Hellz, yeah. I've certainly heard it before, but now I'm living it.
I feel a bit guilty and also somewhat shortchanged. The fact is, this pregnancy is hard. I'm very, very grateful that I was able to get pregnant at all, especially with comparably minimal medical intervention this time. But oh, geez.
Can I just kvetch for a moment? Am I allowed to kvetch and still be grateful? I hope so, 'cause I'm gonna. This is my blog, after all, and if I can't kvetch here, where can I?
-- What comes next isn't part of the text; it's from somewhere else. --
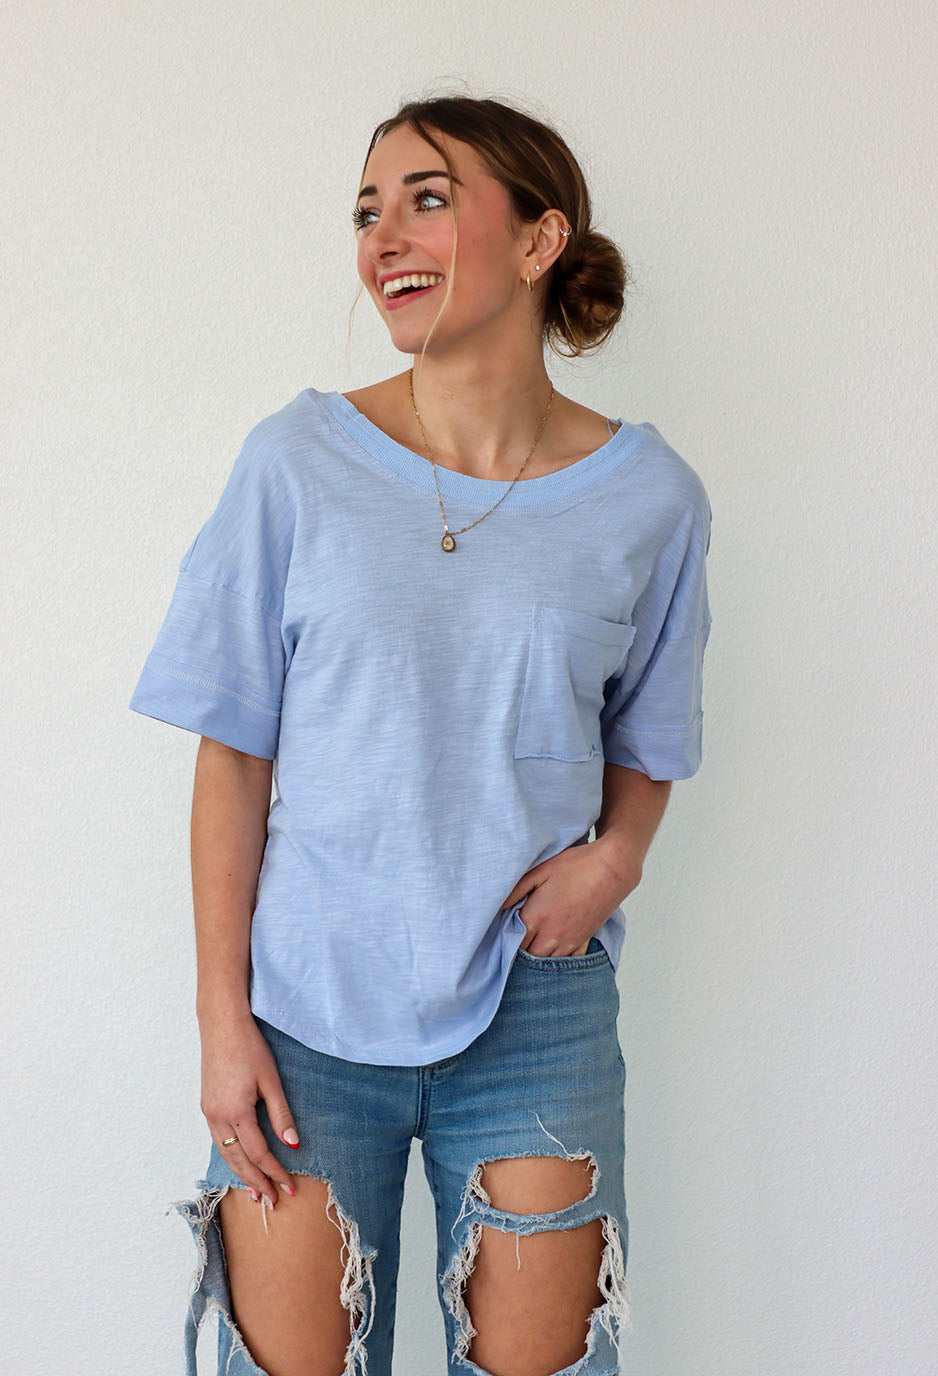 girl wearing a blue boxy t-shirt

Ok, so I'm nearly 19 weeks pregnant, and I'm still queasy. Thank the gods for Zofran, because otherwise I'd still be miserable. For the last however many weeks, I've been unable to choke down my prenatal vitamins (feeling very guilty about that) or my Zoloft (so I'm also depressed). On top of all that, I've had a nasty, terrible cough and chest cold for the last two weeks that has me sounding like an emphysemic octogenarian.
Last time, even though I was working full time, I could come home, put my feet up, relax and daydream. This time, I have a lovely, energetic, wonderful and exhausting toddler to care for, feed, bathe, and get to bed at the end of my work day. I love her more than my life, but sometimes I just want to come home and crawl into bed.
And on top of it all, I worry. I worry about whether the Doodlebug will come out healthy and happy. I worry over whether I will be enough for both of my children. I worry that at the ripe old age of 42, I may be too old for this. I worry about how Atomic and I both feel taxed to the limit as it is, and how we're going to get through the next few years. I worry about whether we'll have enough to support them and get them through school. I worry about where we're going to put the Doodlebug, since we currently seem to be fresh out of spare rooms. I worry about how in hell I'll be able to get two children up and down our stairs. I worry that I'll be a grouchy, unfun mom, a harried, nagging wife, and an absent, preoccupied friend.
I'd love to hear how all you intrepid parents of two or more manage.